Re: high density machines

Nick Fisk <nick@xxxxxxxxxx> · Fri, 4 Sep 2015 09:32:23 +0100

> -----Original Message-----
> From: ceph-users [mailto:ceph-users-bounces@xxxxxxxxxxxxxx] On Behalf Of
> Gurvinder Singh
> Sent: 04 September 2015 08:57
> To: Wang, Warren <Warren_Wang@xxxxxxxxxxxxxxxxx>; Mark Nelson
> <mnelson@xxxxxxxxxx>; ceph-users@xxxxxxxxxxxxxx
> Subject: Re:  high density machines
> 
> On 09/04/2015 02:31 AM, Wang, Warren wrote:
> > In the minority on this one. We have a number of the big SM 72 drive
units
> w/ 40 Gbe. Definitely not as fast as even the 36 drive units, but it isn't
awful
> for our average mixed workload. We can exceed all available performance
> with some workloads though.
> >
> > So while we can't extract all the performance out of the box, as long
> > as we don't max out on performance, the cost is very appealing,
> I am wondering how much the cost difference you have seen with SM 72
> drive compare to lets say
> http://www.supermicro.com/products/system/1U/6017/SYS-6017R-
> 73THDP_.cfm
> or any other smaller machine which you have compared with. As with the
> discussion on this thread it is clear that the 72 drive box are actually
> 4 * 18 drive boxes sharing power and cooling. Regarding performance I
think
> network might be bottleneck (may be cpu too), as it is 40 Gbit for whole
box
> so you get 10 Gbit per box (18 drives each) which can be peaked.
> 
> Gurvinder

I think the 72 disk box is one unit, it's the fat twins have 12x3.5" +
2x2.5" per sled, or 56 drives per 4U.

That other server you linked is pretty similar to the fat twins sleds but
the only disadvantage I can see is that it is single PSU and 1 less 2.5"
drive. Unless you can spread your crush map over sufficient different number
of PDU's/feeds, I would be wary about running single PSU nodes as you could
have a 50% cluster  failure quite easily.
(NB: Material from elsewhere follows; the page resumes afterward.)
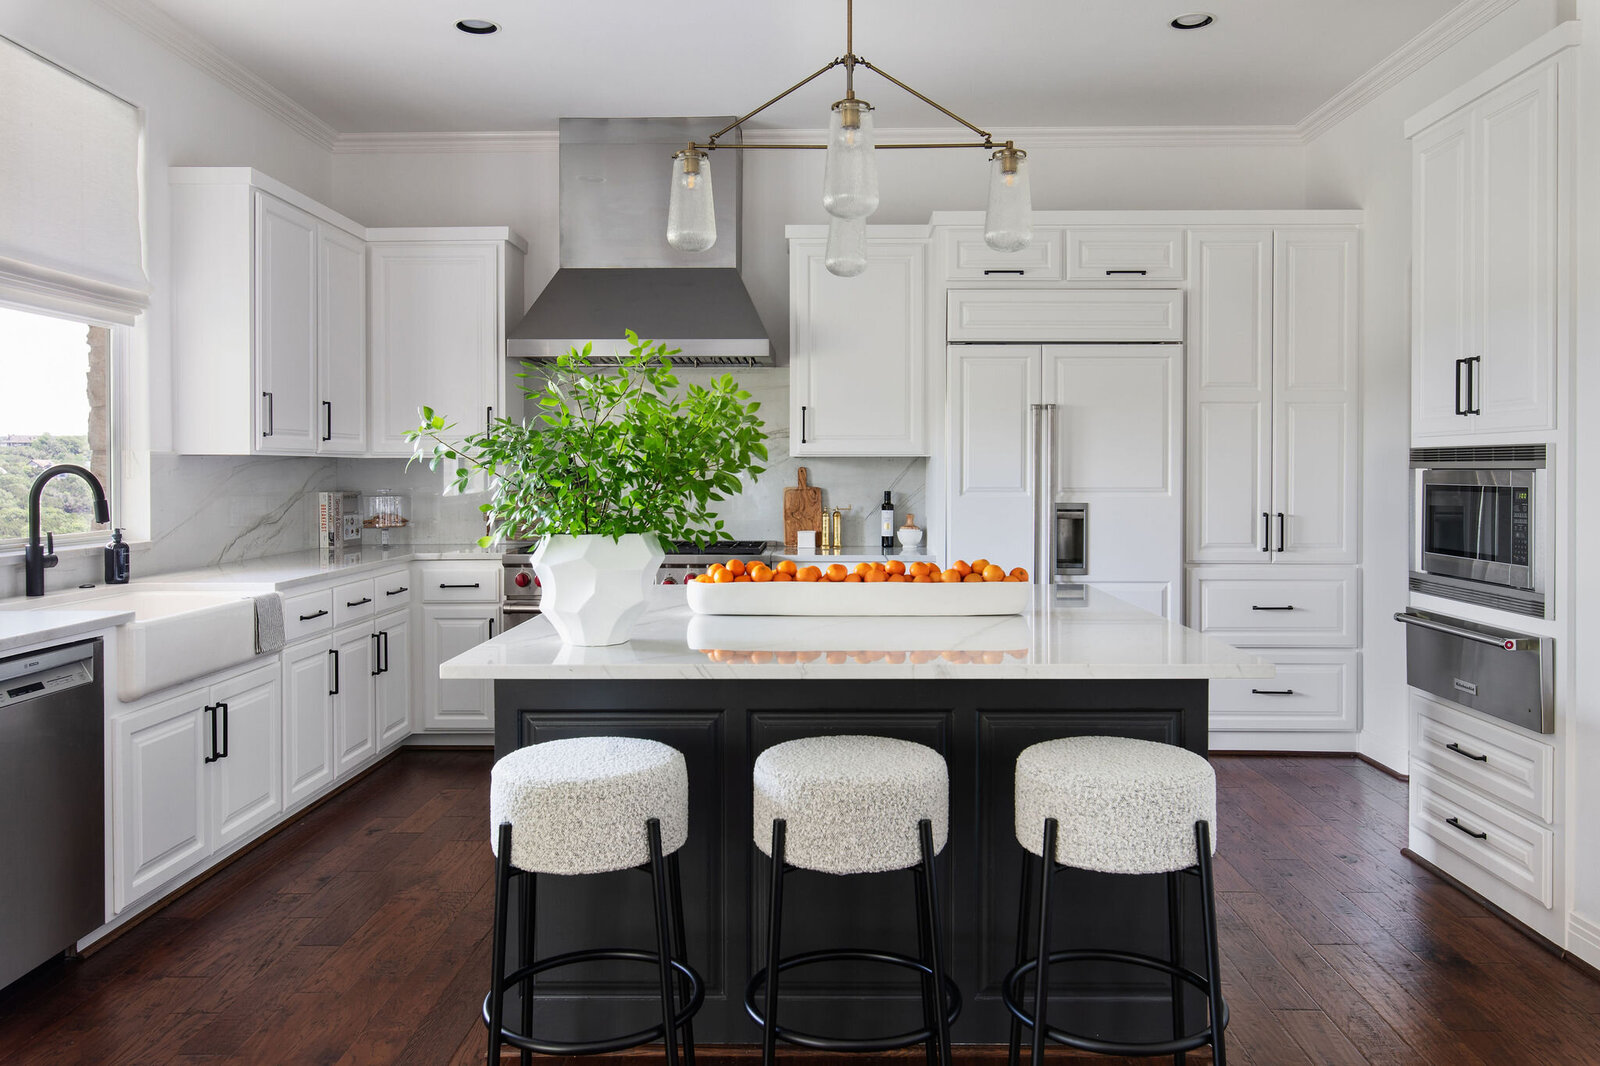 transitional+kitchen+remodel+design+charcoal+island+white+cabinets+nuela+designs
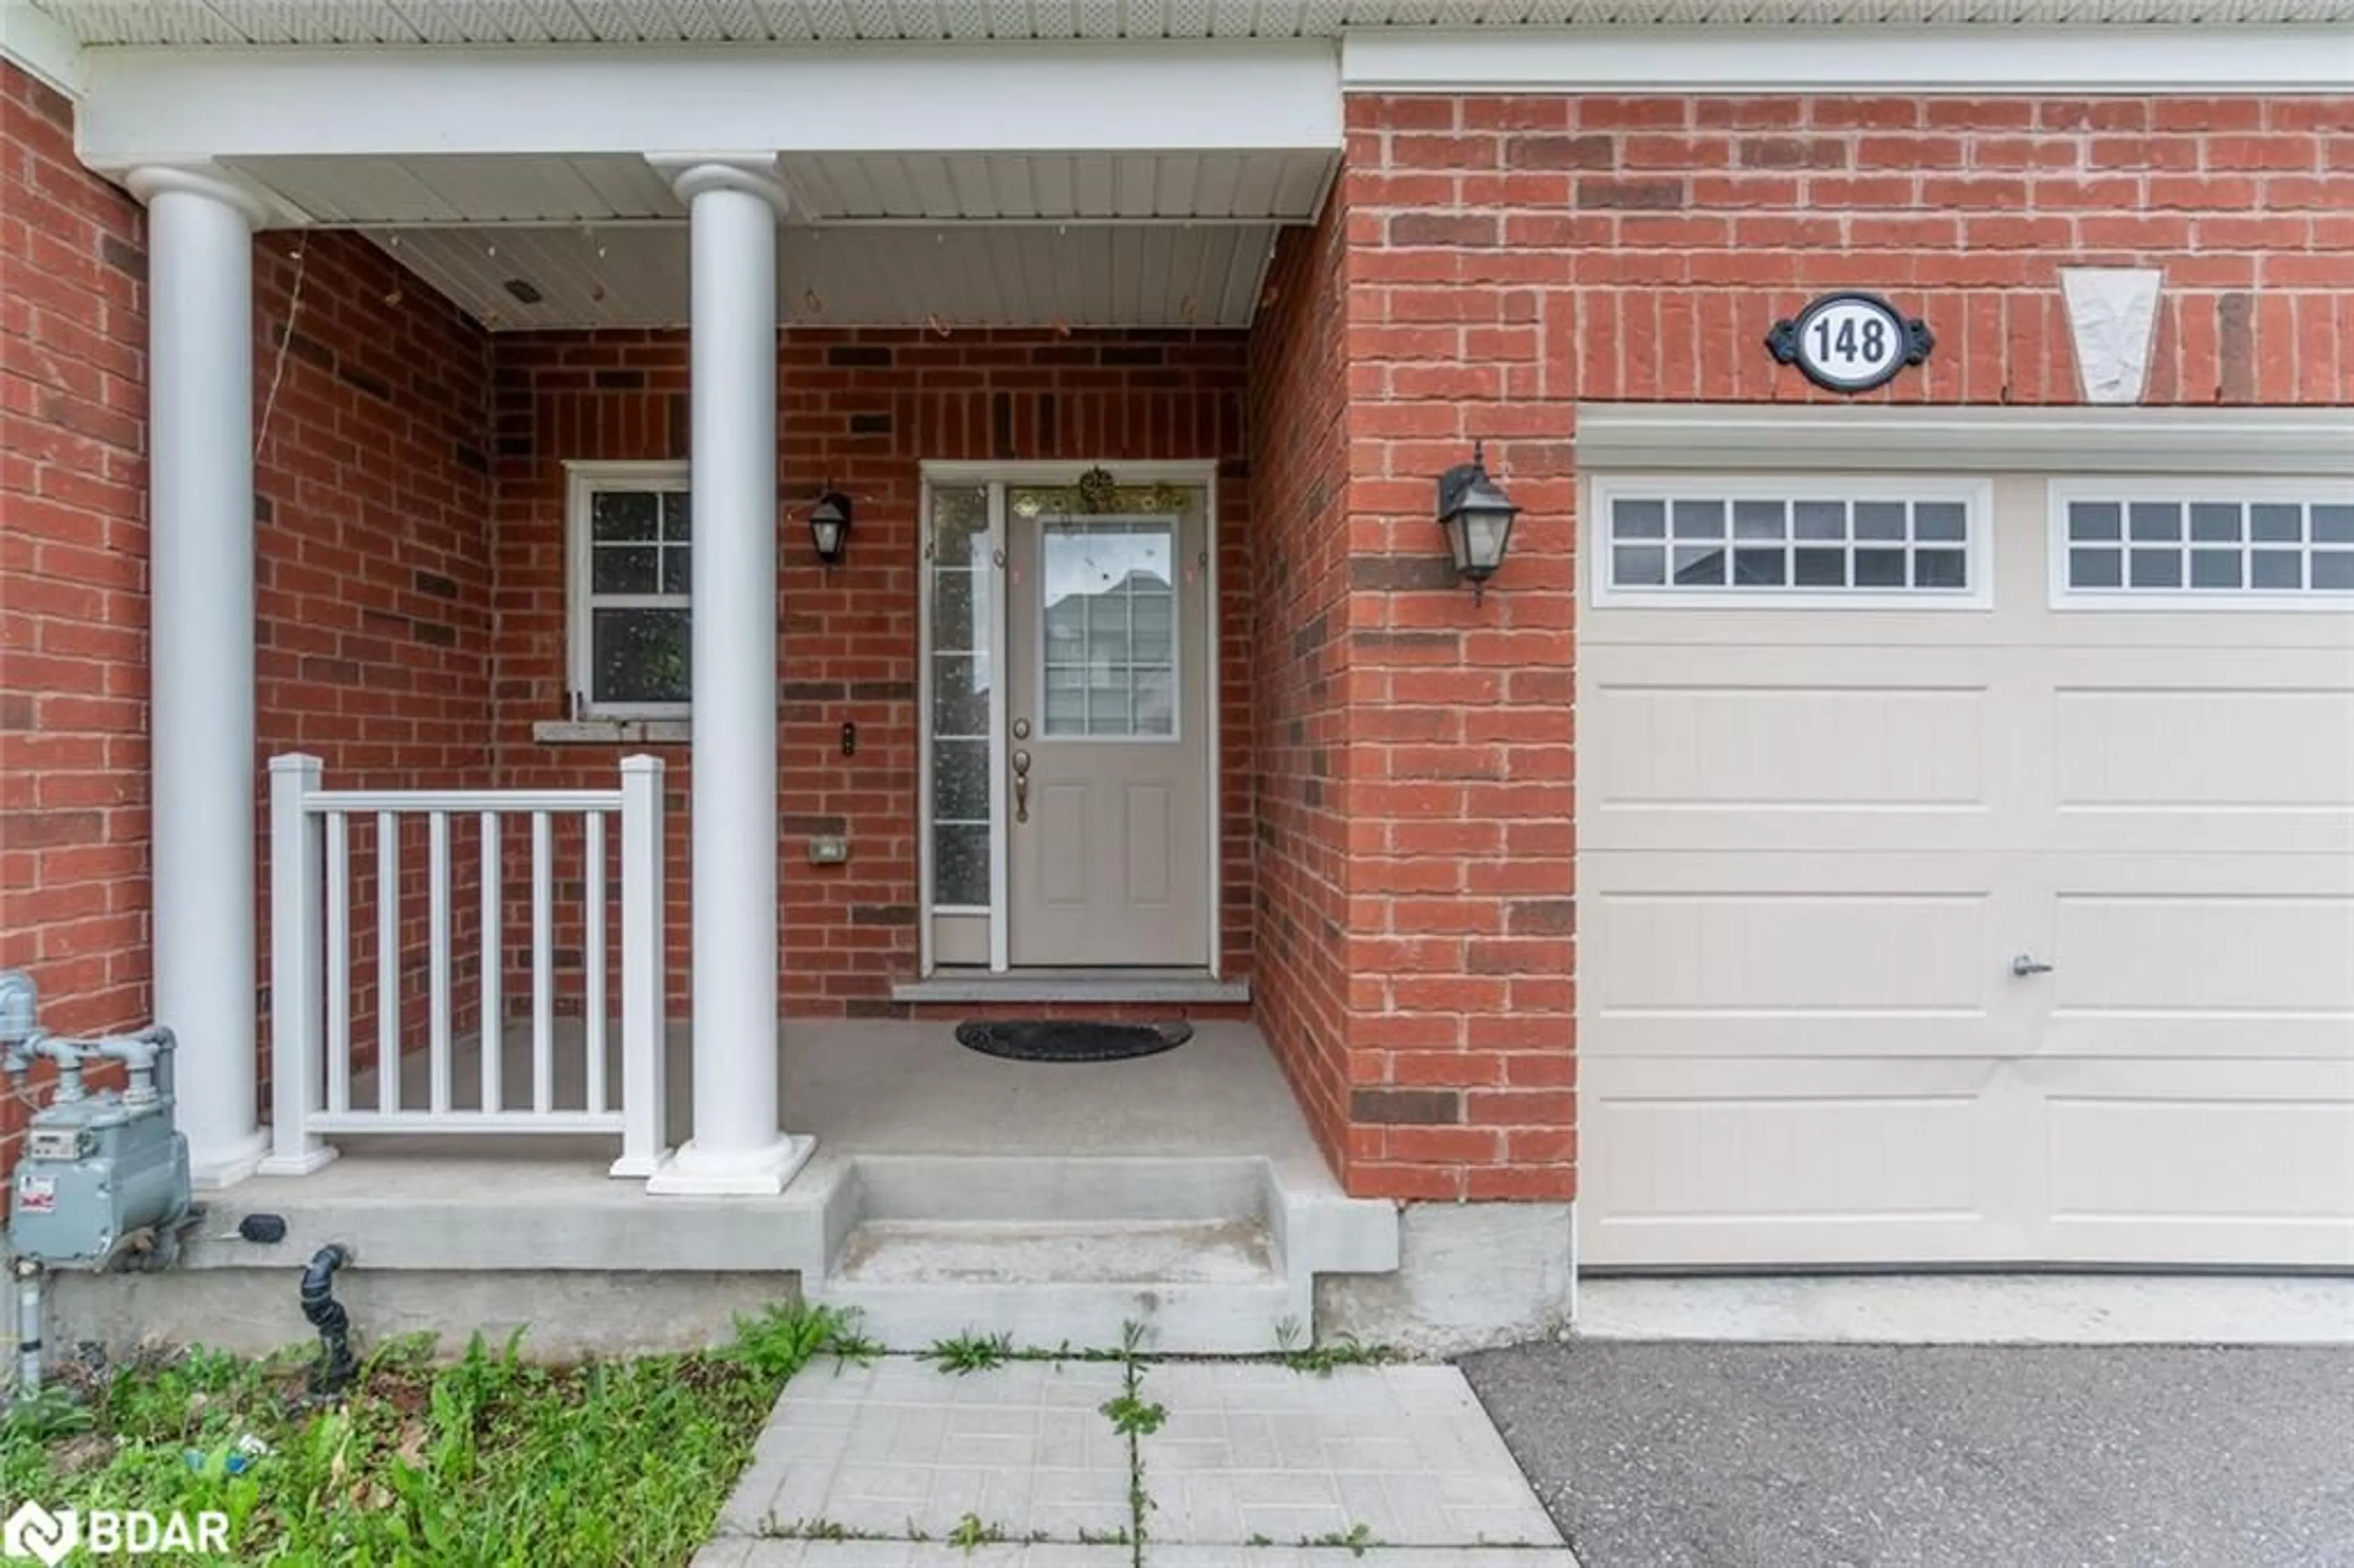 Home with brick exterior material for 148 Watermill St, Kitchener Ontario N2P 0G4

>  and as far as filling a unit, I'm not sure how many folks have filled big
prod
> clusters, but you really don't want them even running into the
> 70+% range due to some inevitable uneven filling, and room for failure.
> >
> > Also, I'm betting that Ceph will continue to optimize things like the
> messenger, and reduce some of the massive CPU and TCP overhead, so we
> can claw back performance. I would love to see a thread count reduction.
> These can see over 130K threads per box.
> >
> > Warren
> >
> > -----Original Message-----
> > From: ceph-users [mailto:ceph-users-bounces@xxxxxxxxxxxxxx] On Behalf
> > Of Mark Nelson
> > Sent: Thursday, September 03, 2015 3:58 PM
> > To: Gurvinder Singh <gurvindersinghdahiya@xxxxxxxxx>;
> > ceph-users@xxxxxxxxxxxxxx
> > Subject: Re:  high density machines
> >
> >
> >
> > On 09/03/2015 02:49 PM, Gurvinder Singh wrote:
> >> Thanks everybody for the feedback.
> >> On 09/03/2015 05:09 PM, Mark Nelson wrote:
> >>> My take is that you really only want to do these kinds of systems if
> >>> you have massive deployments.  At least 10 of them, but probably
> >>> more like
> >>> 20-30+.  You do get massive density with them, but I think if you
> >>> 20-30+are
> >>> considering 5 of these, you'd be better off with 10 of the 36 drive
> >>> units.  An even better solution might be ~30-40 of these:
> >>>
> >>> http://www.supermicro.com/products/system/1U/6017/SYS-6017R-
> 73THDP_.
> >>> c
> >>> fm
> >>>
> >> This one does look interesting.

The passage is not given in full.